(Material provided Opens)

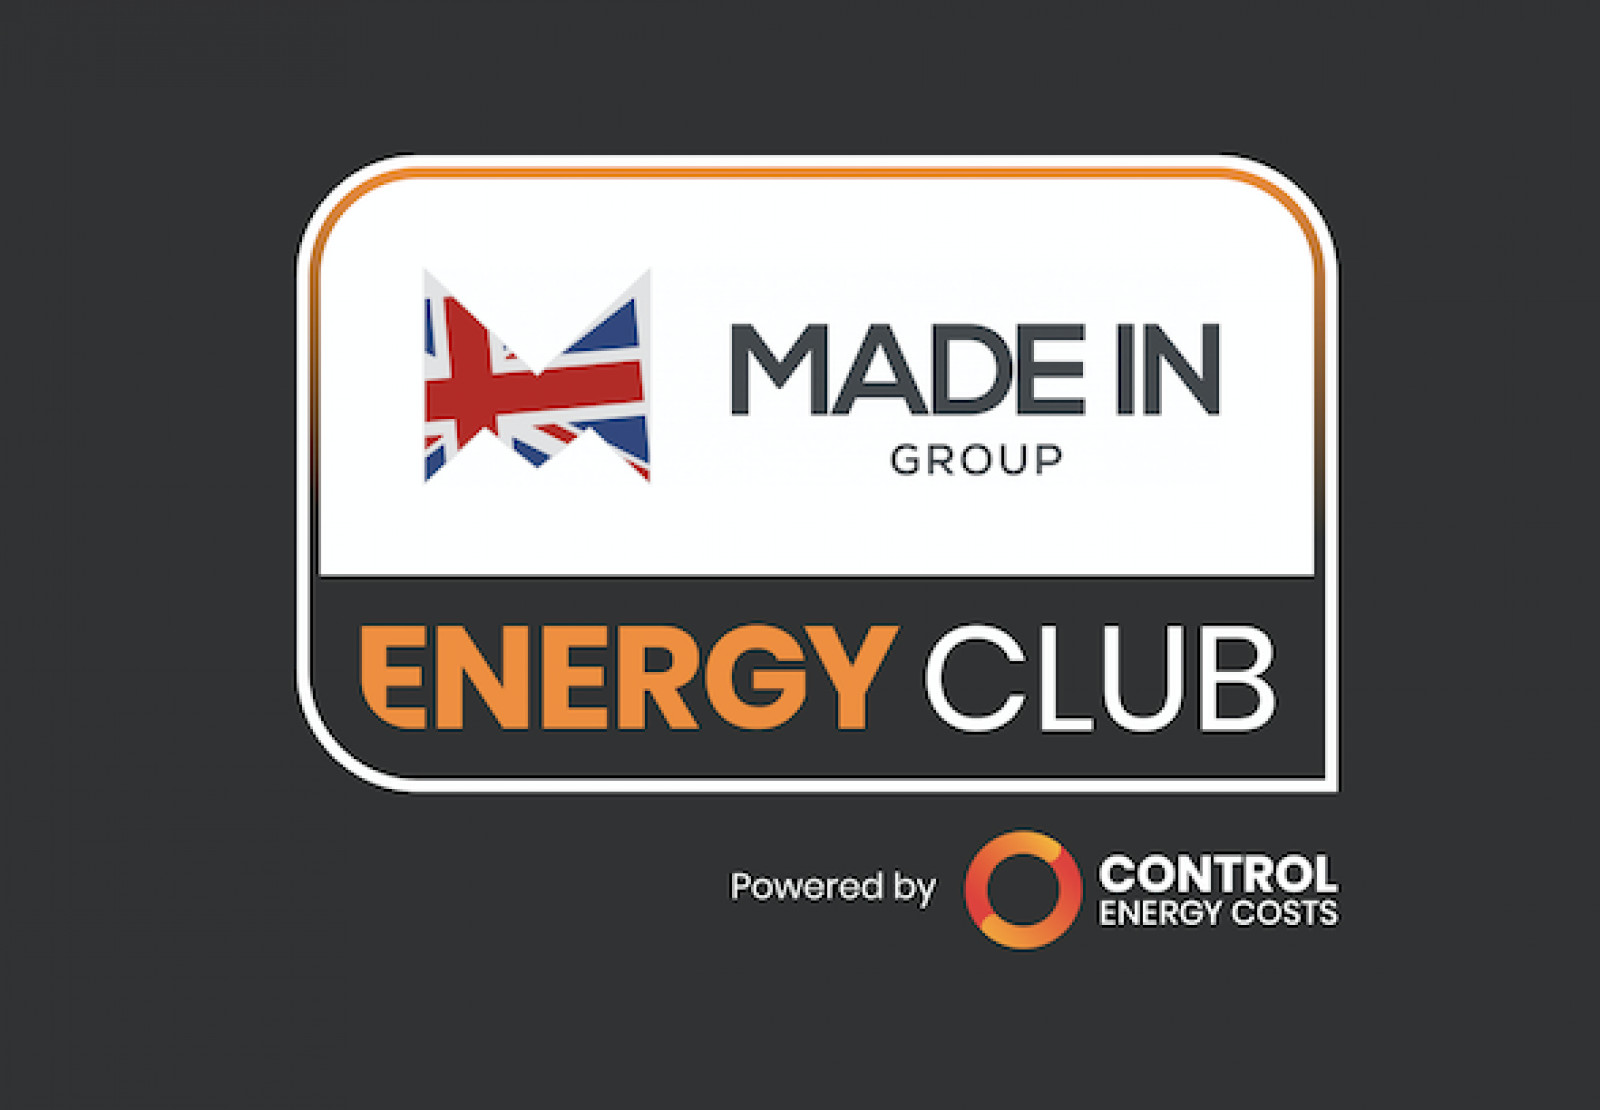 The Made In Energy Club
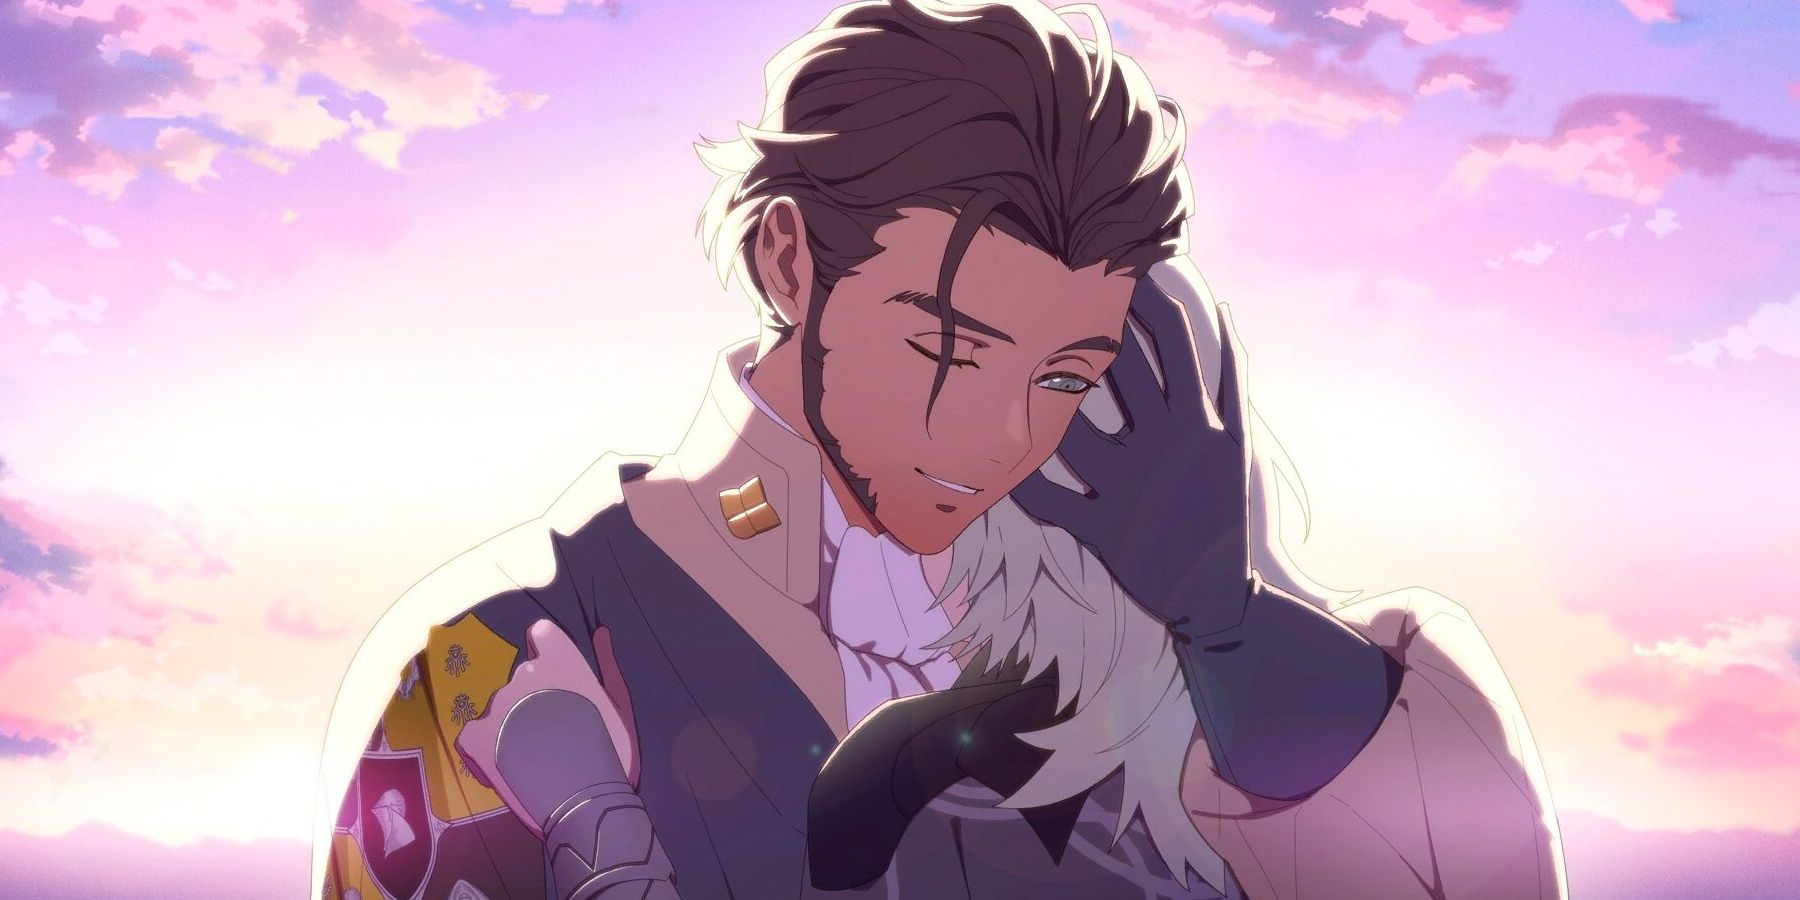 Claude hugging female Byleth in S suppot scene.
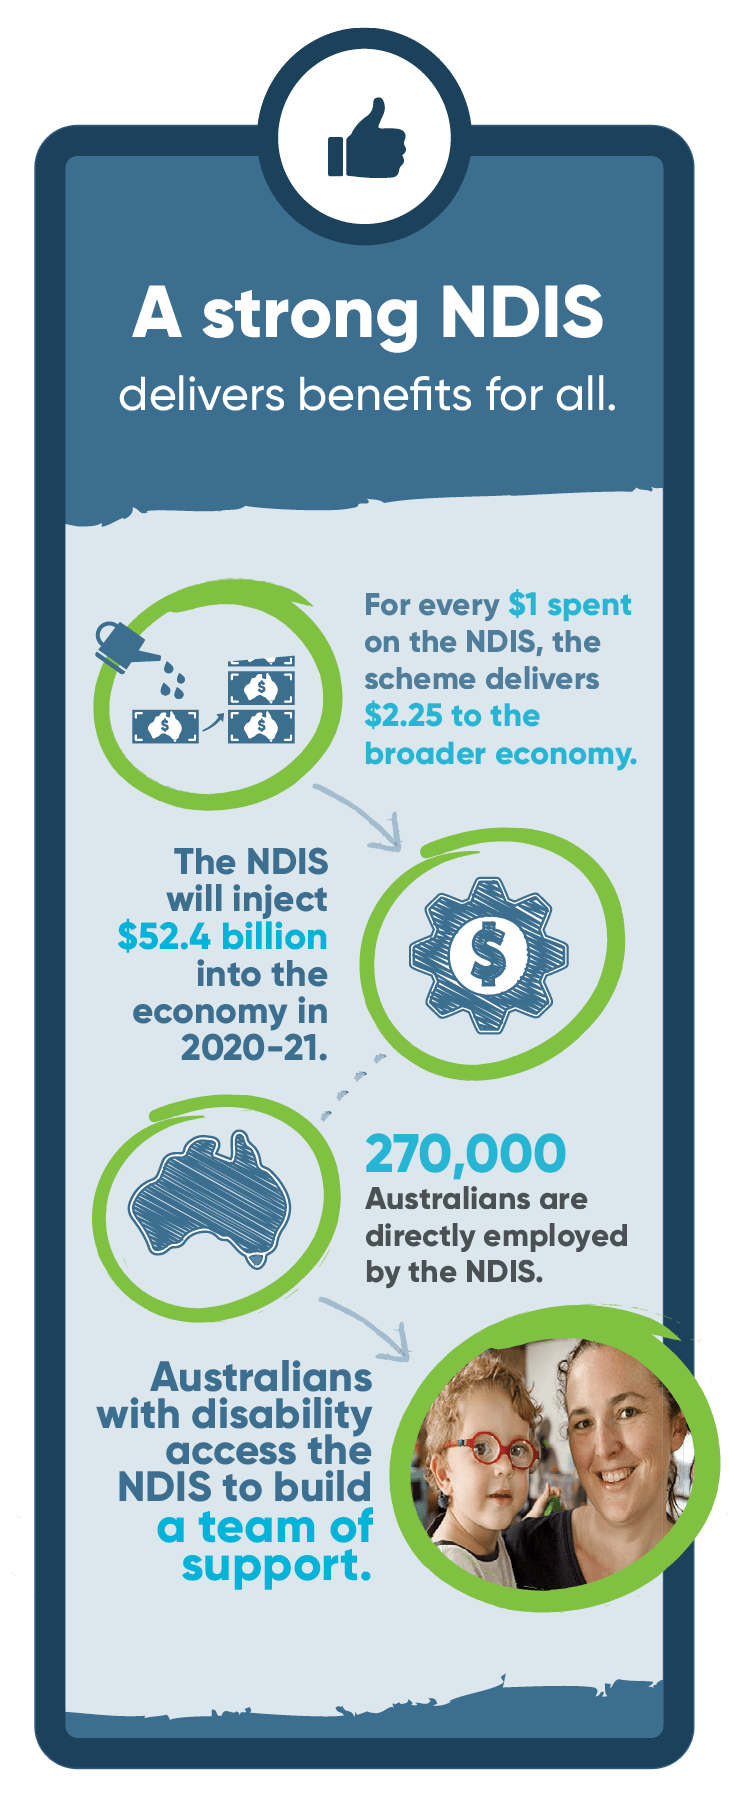 A strong NDIS delivers benefits for all. For everyo $1 spent on the NDIS the scheme delivers $2.25 to the broader economy. The NDIS will inject 52.4 billion into the economy in 2021 to 2021. 270,000 Australians are directly employed by the NDIS. Australians with disability access the NDIS to build a team of support.
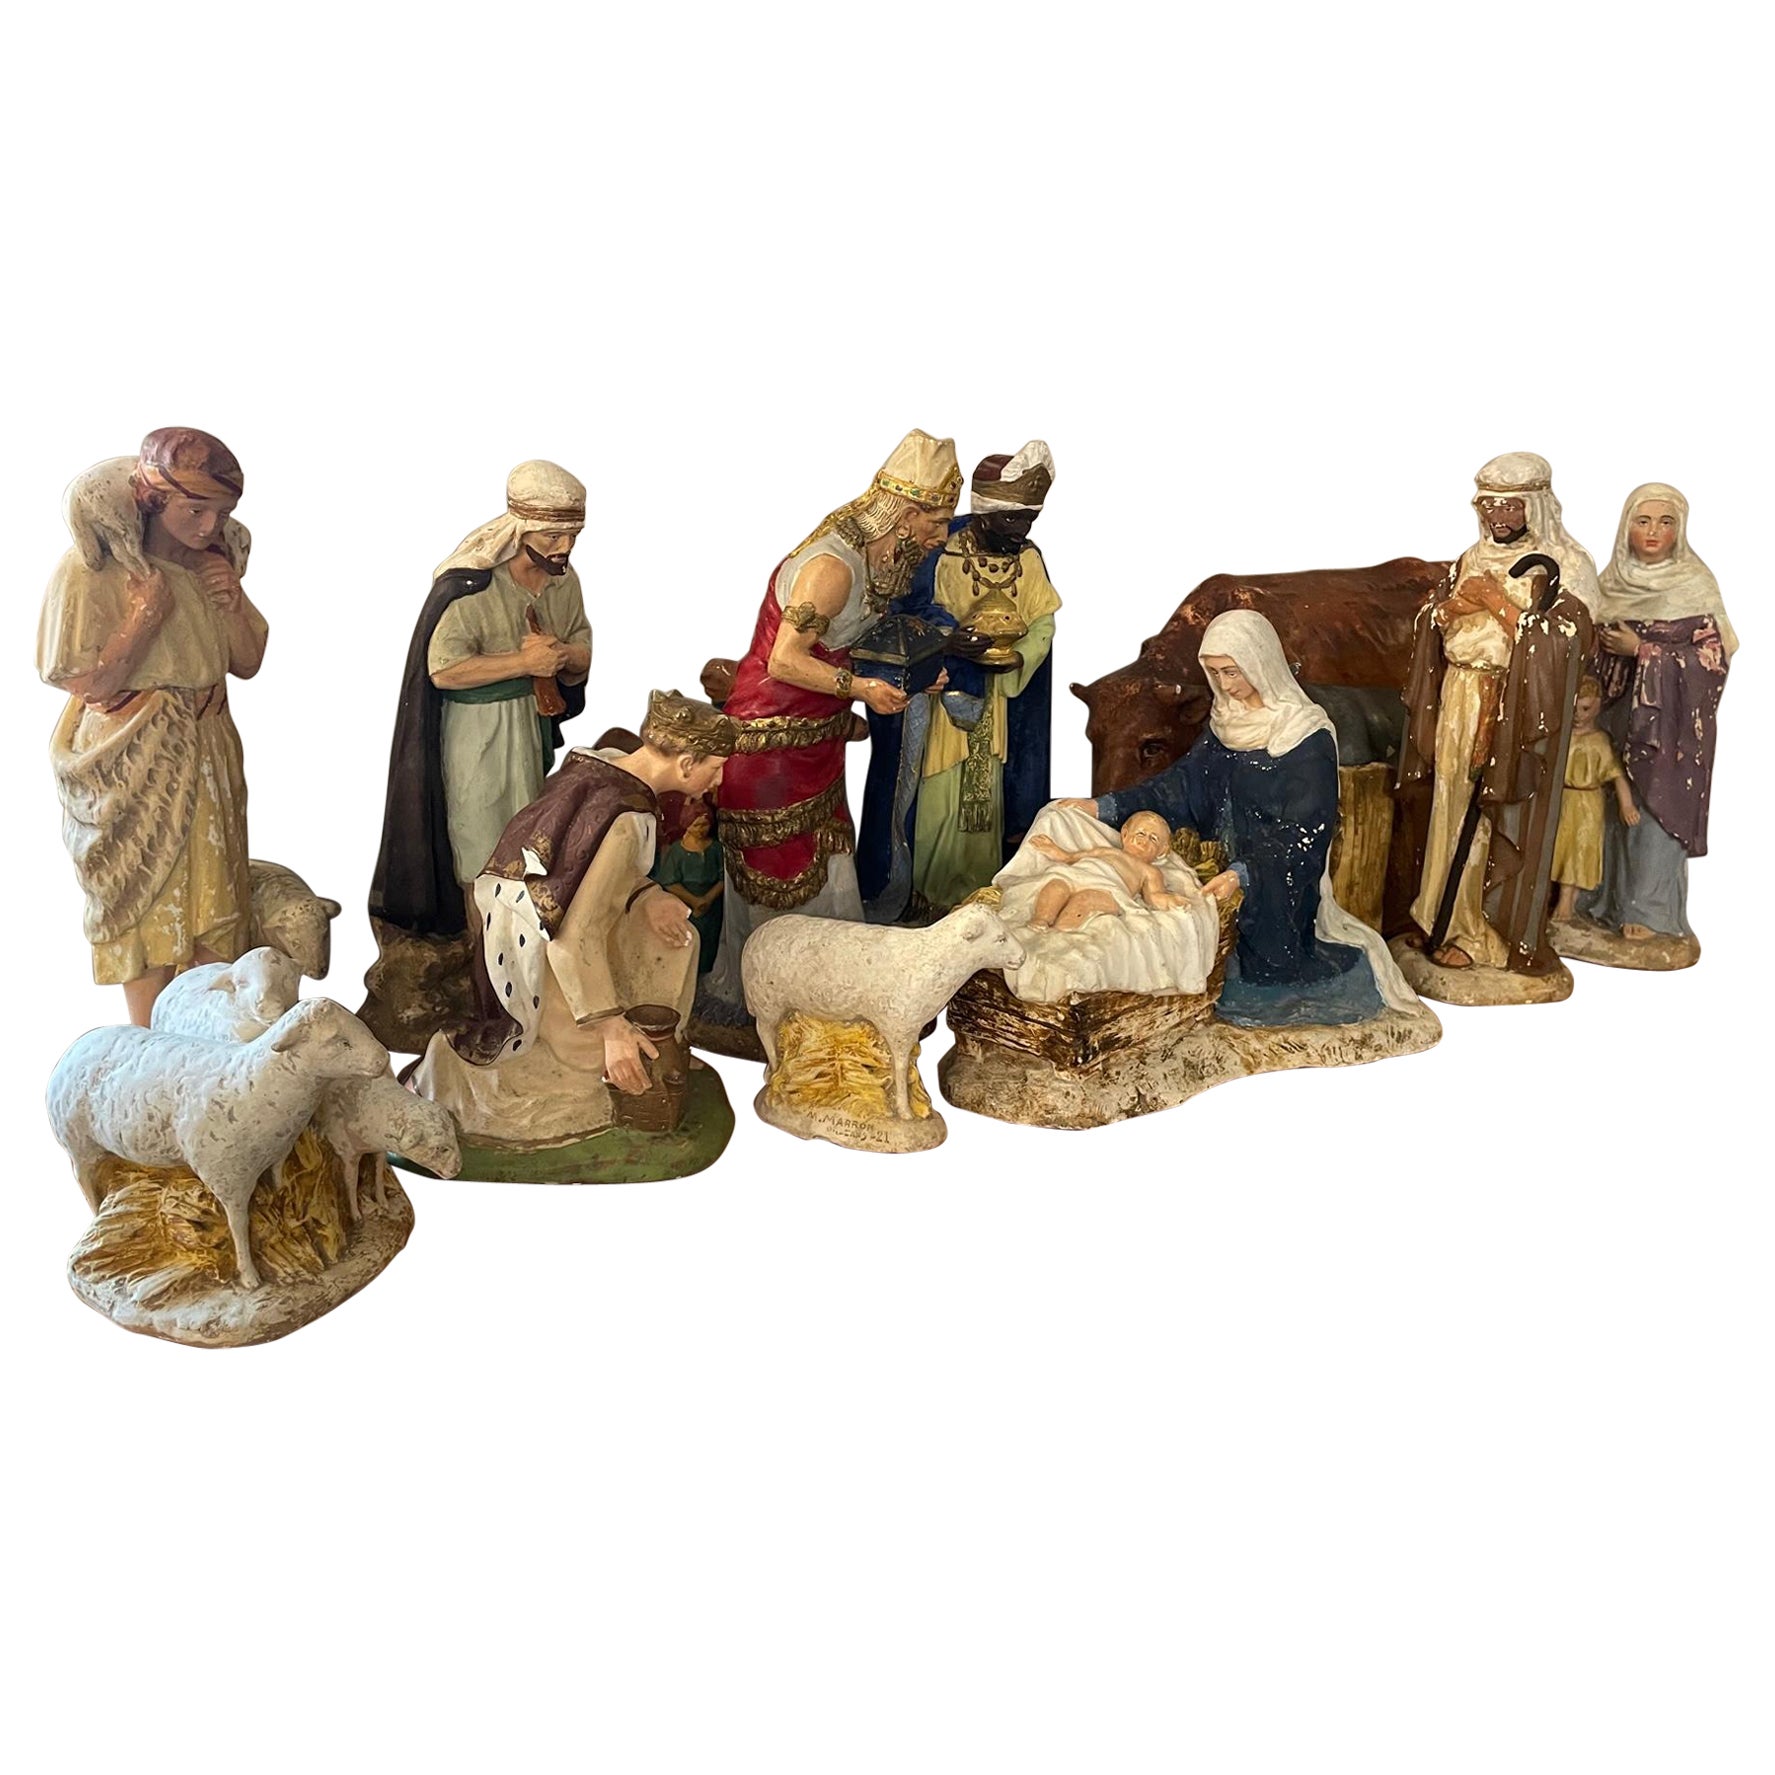 Early 20th century French Plaster Nativity Scene Figurines signed Marron, 1920s
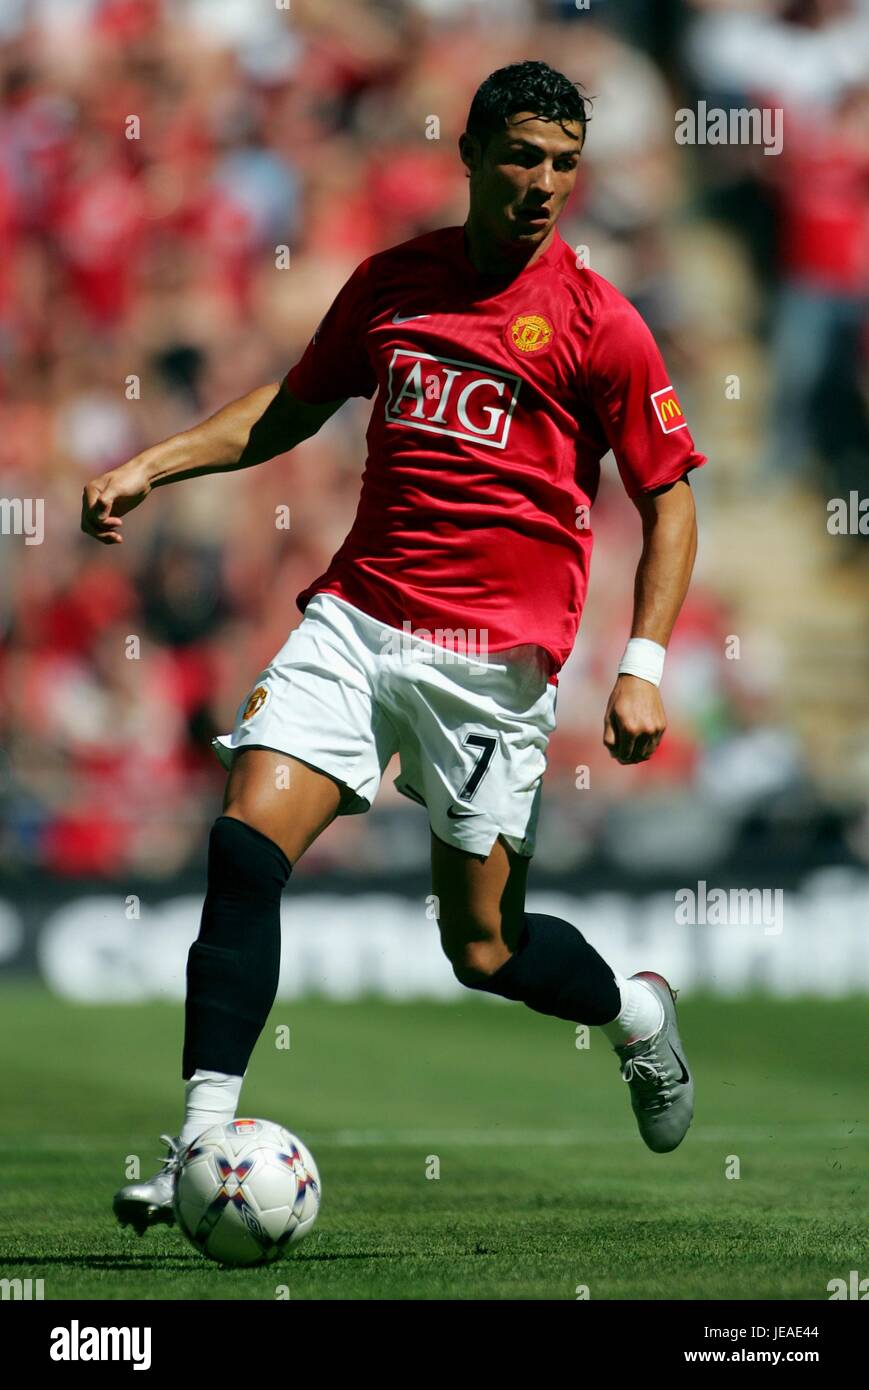 CRISTIANO RONALDO MANCHESTER UNITED FC WEMBLEY Londres Angleterre 05 Août 2007 Banque D'Images

(Material provided Closes)

Problem to work on:
Reproduce the span beginning at the line with "Early 20th century" and ending at the last line of the entries above, inclusive, exactly as it stands. Exclude the pictures.

The answer:
 Early 20th century French Plaster Nativity Scene Figurines signed Marron, 1920s
 CRISTIANO RONALDO MANCHESTER UNITED FC WEMBLEY Londres Angleterre 05 Août 2007 Banque D'Images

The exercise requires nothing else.